» **EXERCISE PROMPT**:
Below are some records. Retype exactly the lines from the one containing "Acrylic Vico Magistretti" through the one containing "Birdeater: Goliath Birdeaters", both included, skipping every picture.

» **RECORD EXCERPTS**:
----

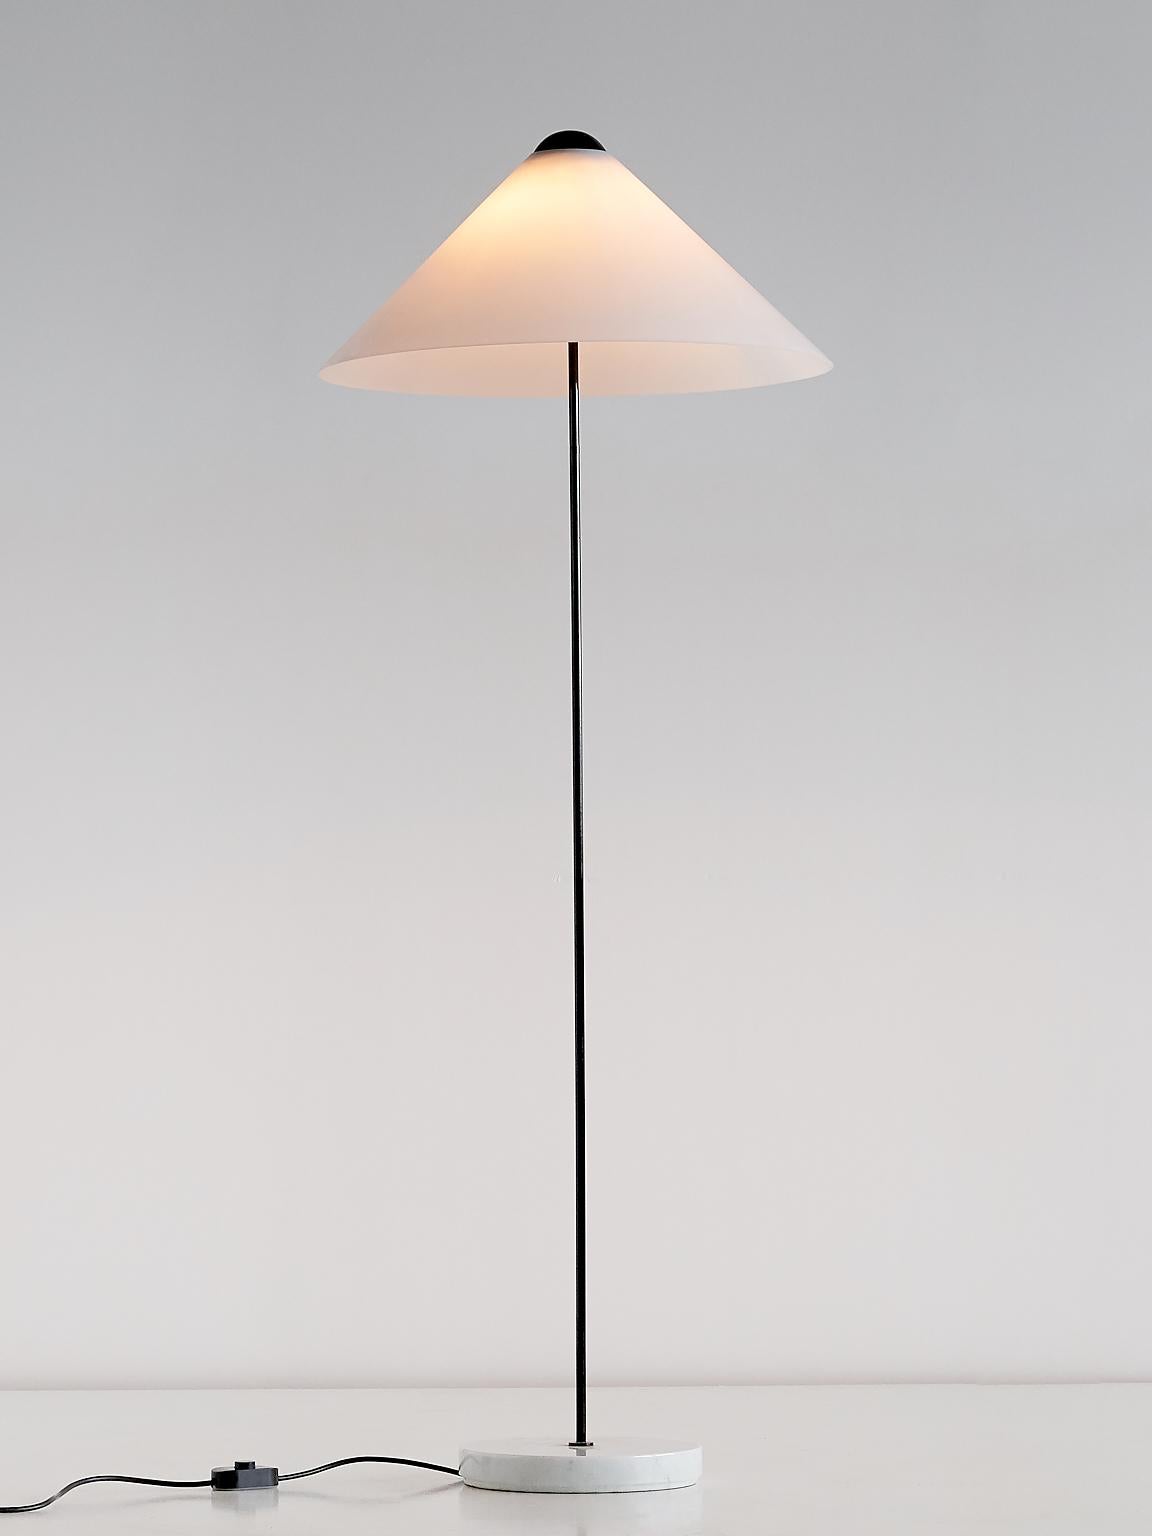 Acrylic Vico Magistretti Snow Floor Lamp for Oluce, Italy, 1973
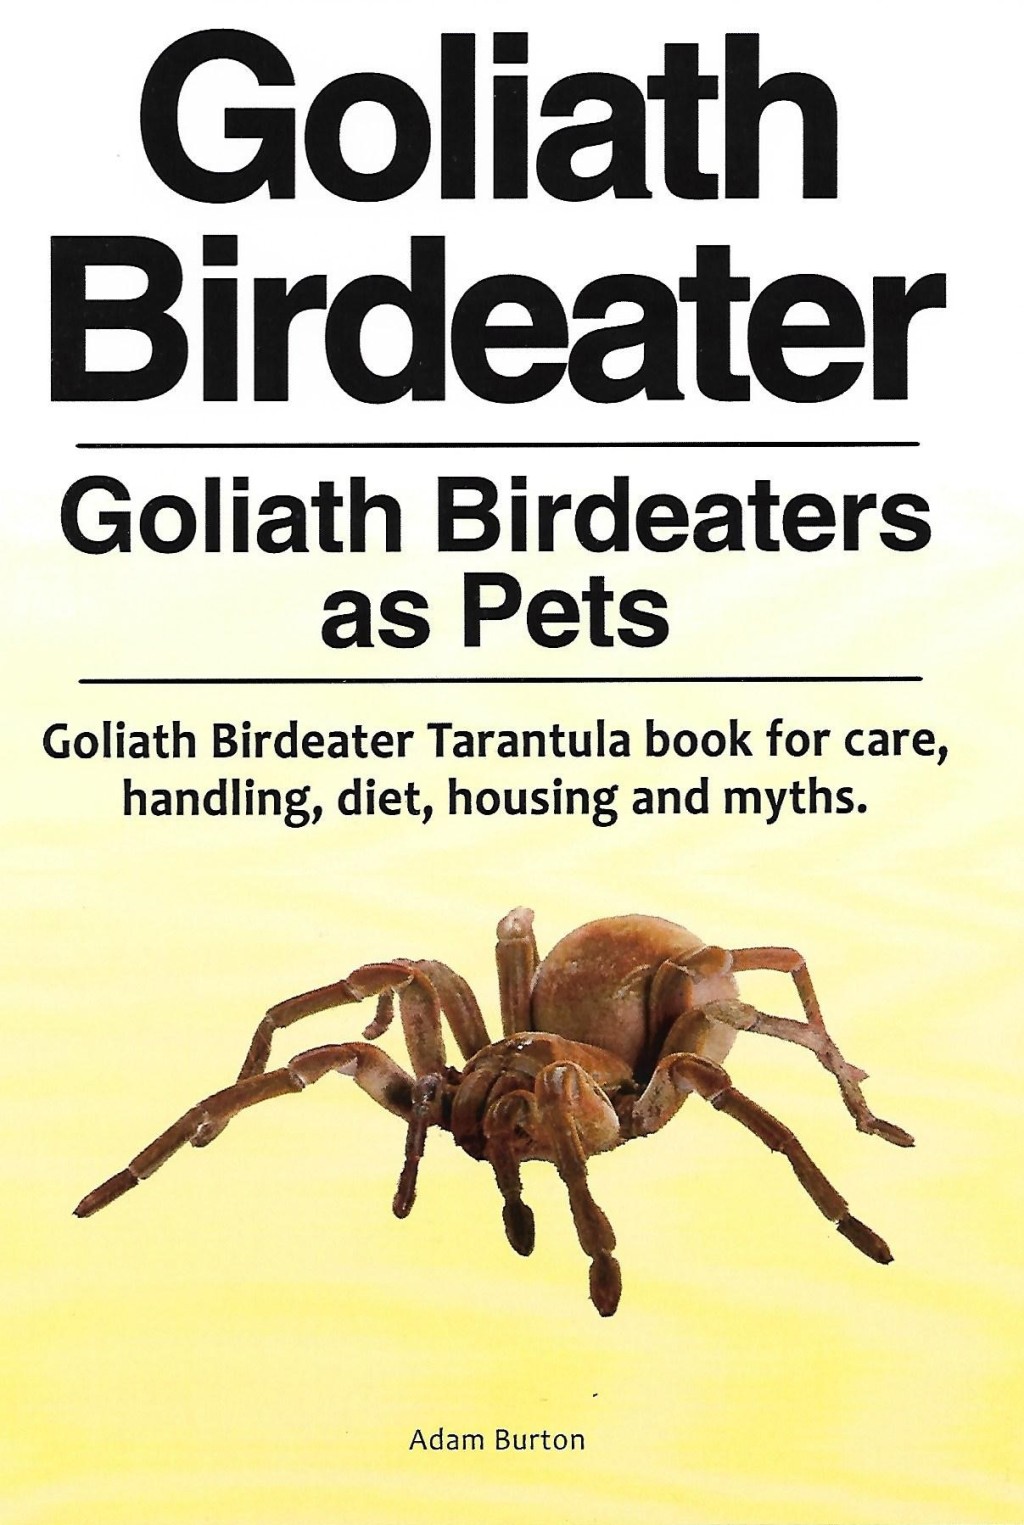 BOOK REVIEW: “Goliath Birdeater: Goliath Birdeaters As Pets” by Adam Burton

----

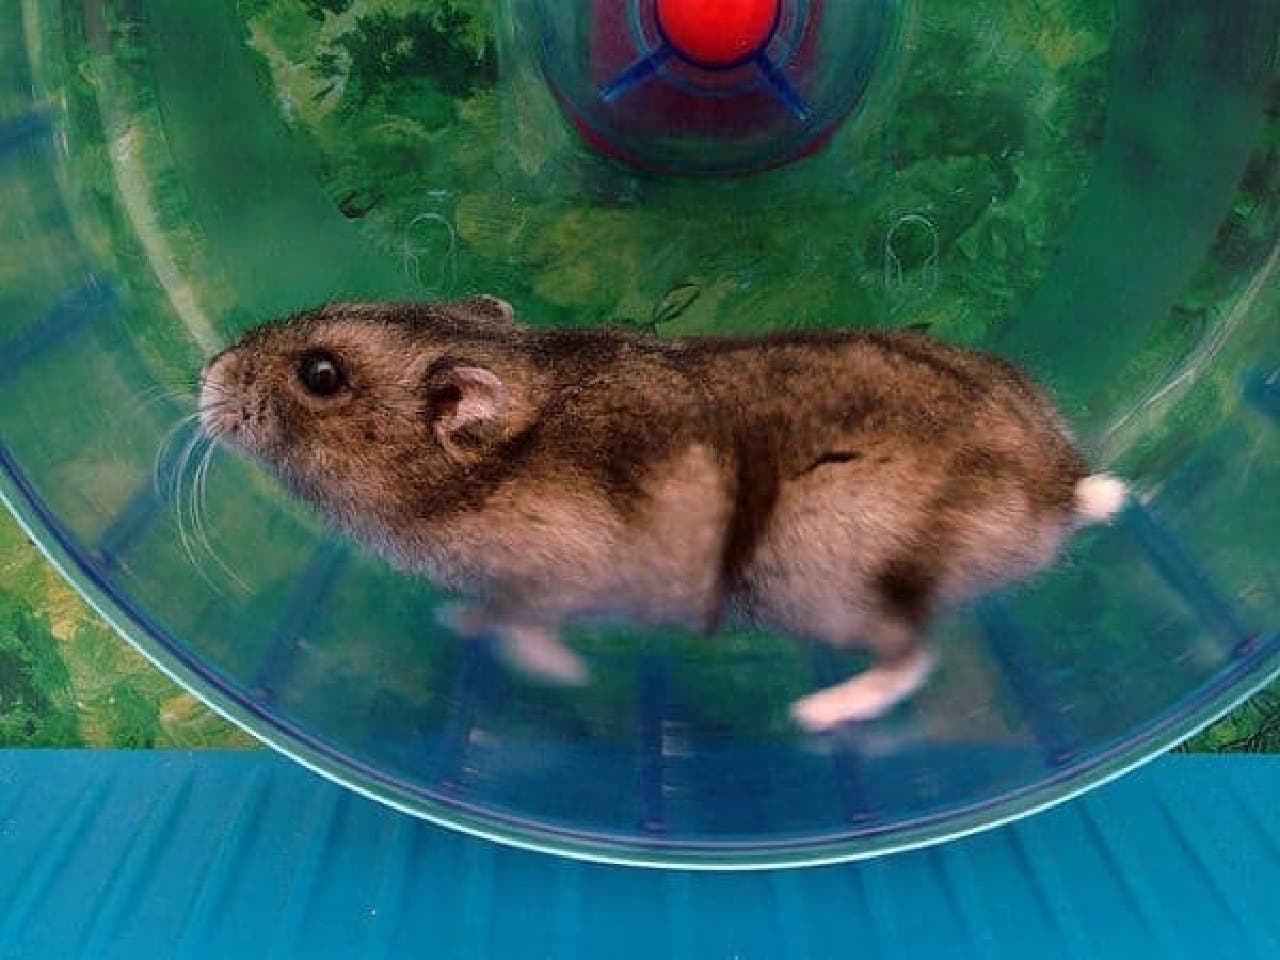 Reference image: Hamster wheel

----

» **EXPECTED ANSWER**:
 Acrylic Vico Magistretti Snow Floor Lamp for Oluce, Italy, 1973
 BOOK REVIEW: “Goliath Birdeater: Goliath Birdeaters As Pets” by Adam Burton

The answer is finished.